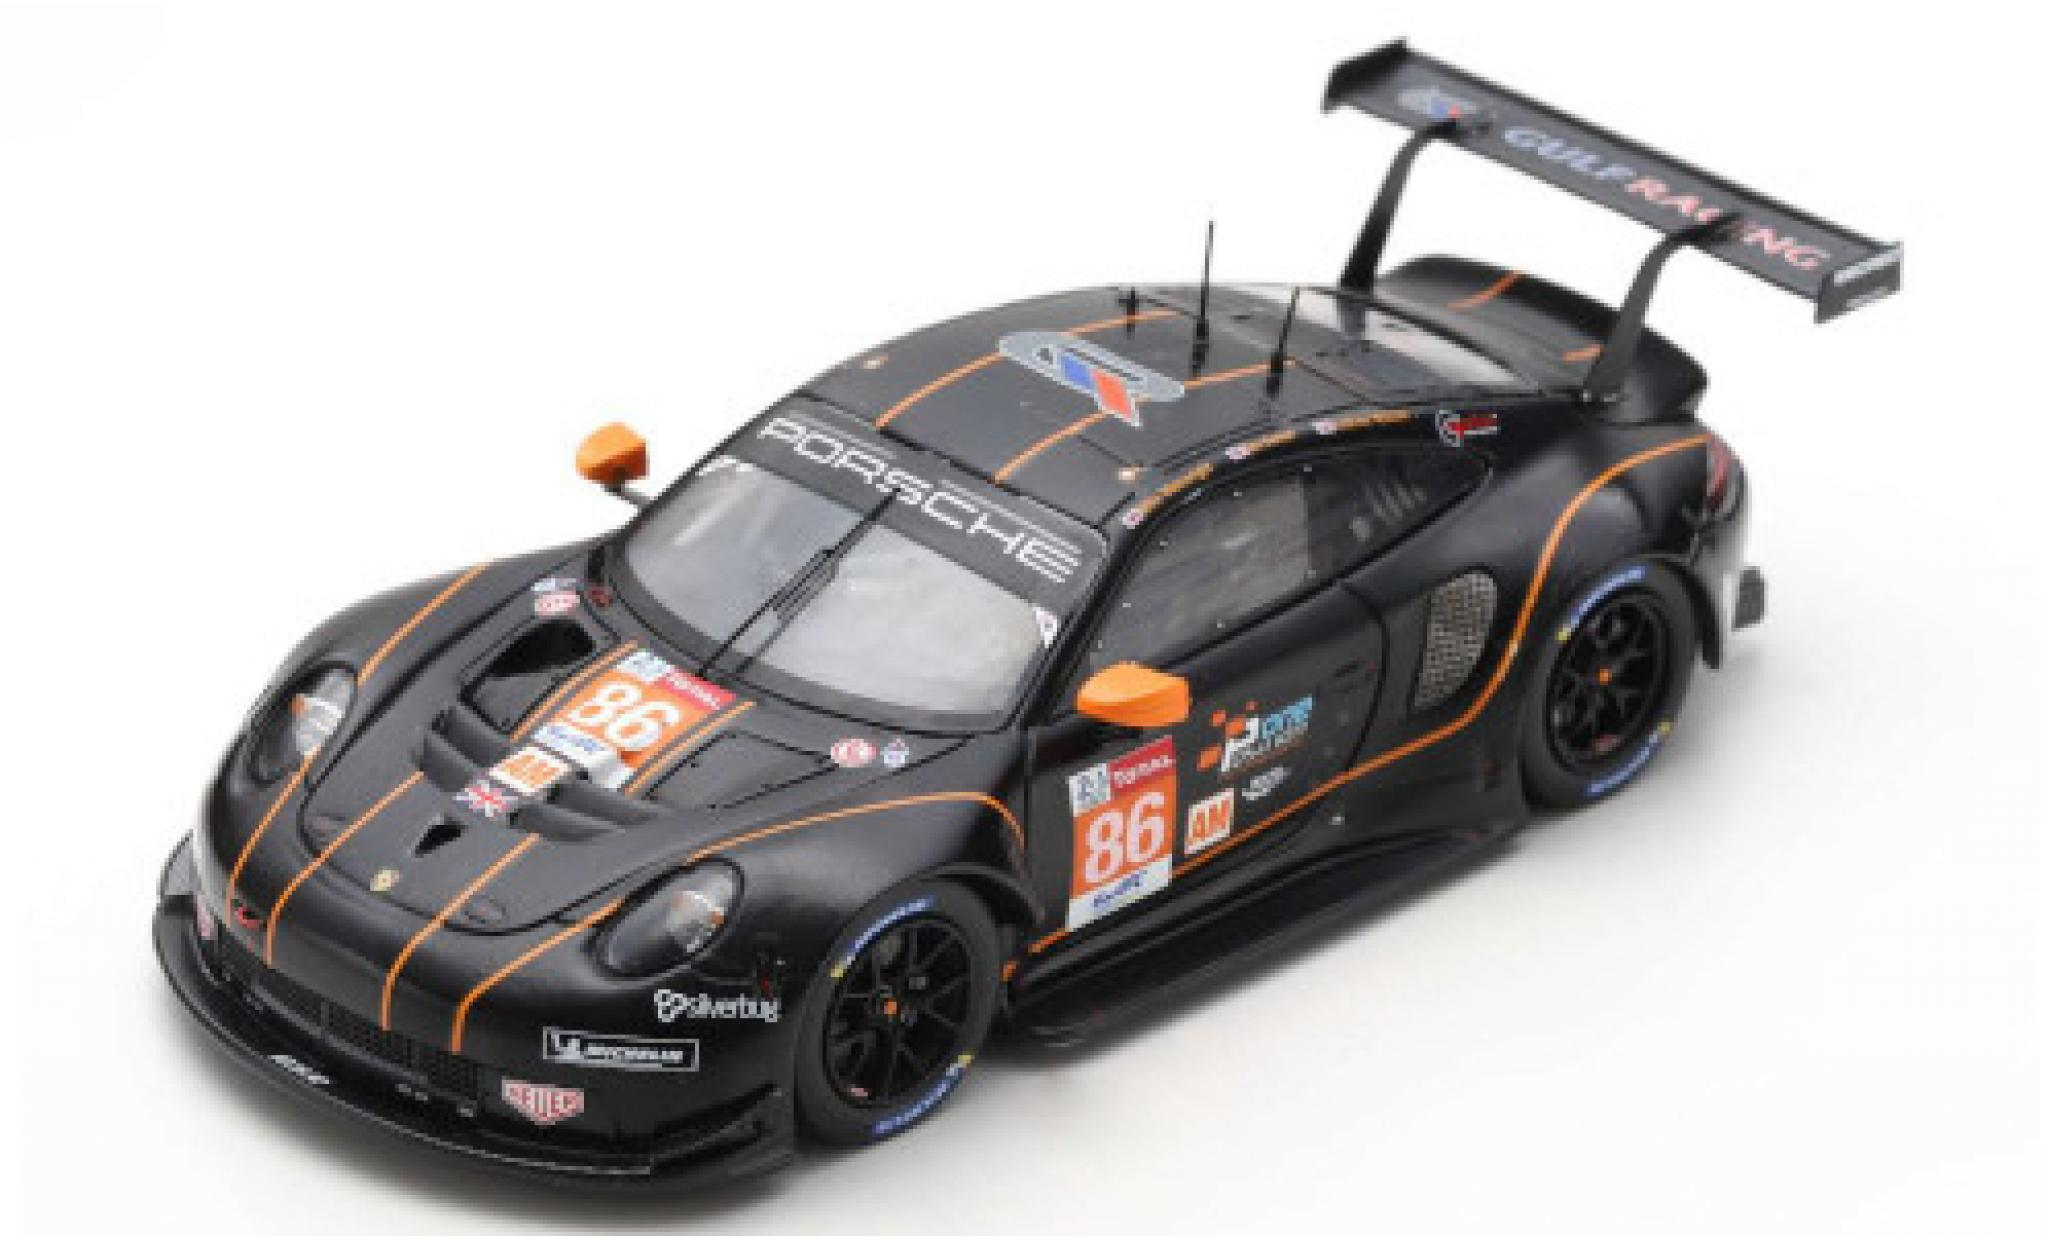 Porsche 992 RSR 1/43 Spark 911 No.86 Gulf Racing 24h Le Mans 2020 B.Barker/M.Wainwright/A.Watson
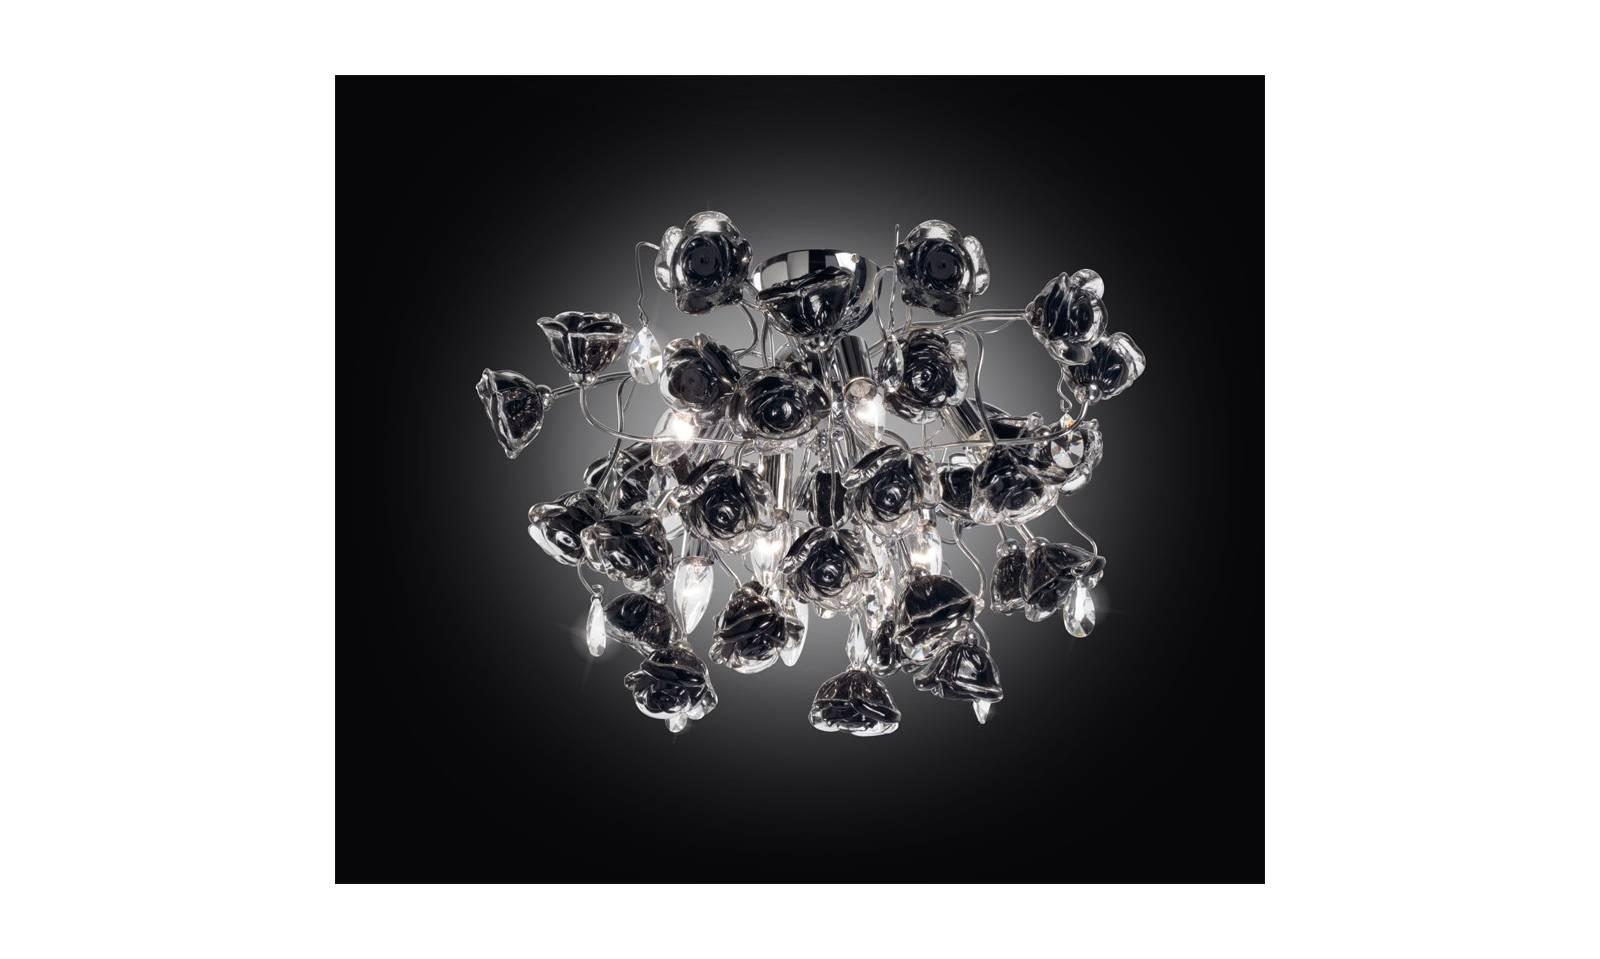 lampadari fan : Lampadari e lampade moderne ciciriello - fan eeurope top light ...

::::

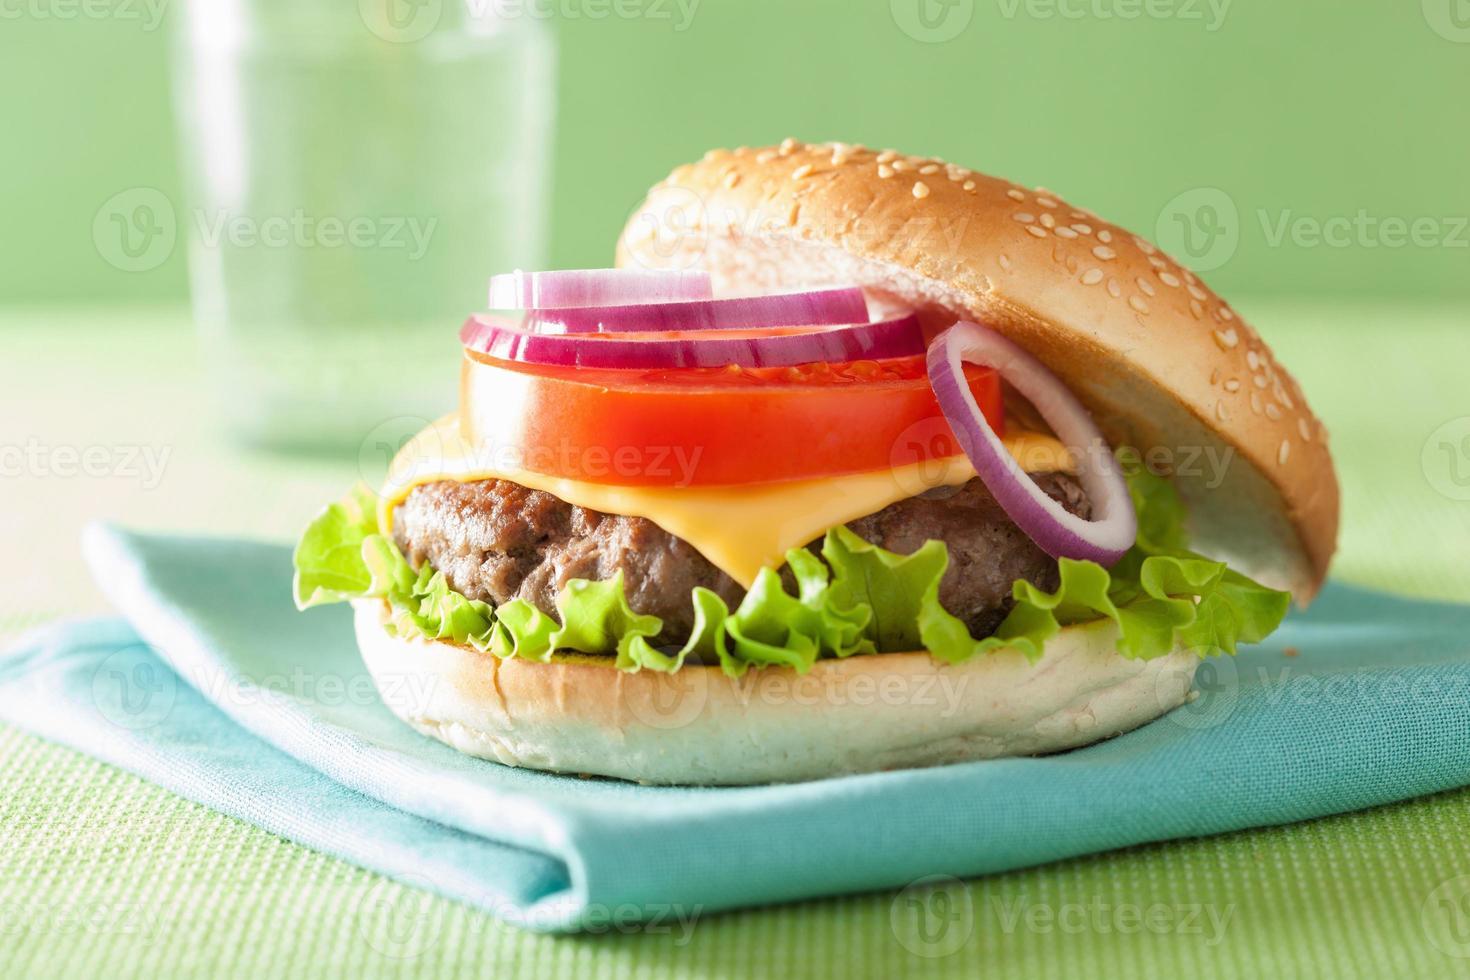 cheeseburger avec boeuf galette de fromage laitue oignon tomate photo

::::

Problem to solve:
Look above for the line with "Porsche 992 RSR", then print it and each line after it down to and including the line with "lampadari fan : Lampadari". Leave out the pictures and keep the wording exact.

Solution to this task:
 Porsche 992 RSR 1/43 Spark 911 No.86 Gulf Racing 24h Le Mans 2020 B.Barker/M.Wainwright/A.Watson
 lampadari fan : Lampadari e lampade moderne ciciriello - fan eeurope top light ...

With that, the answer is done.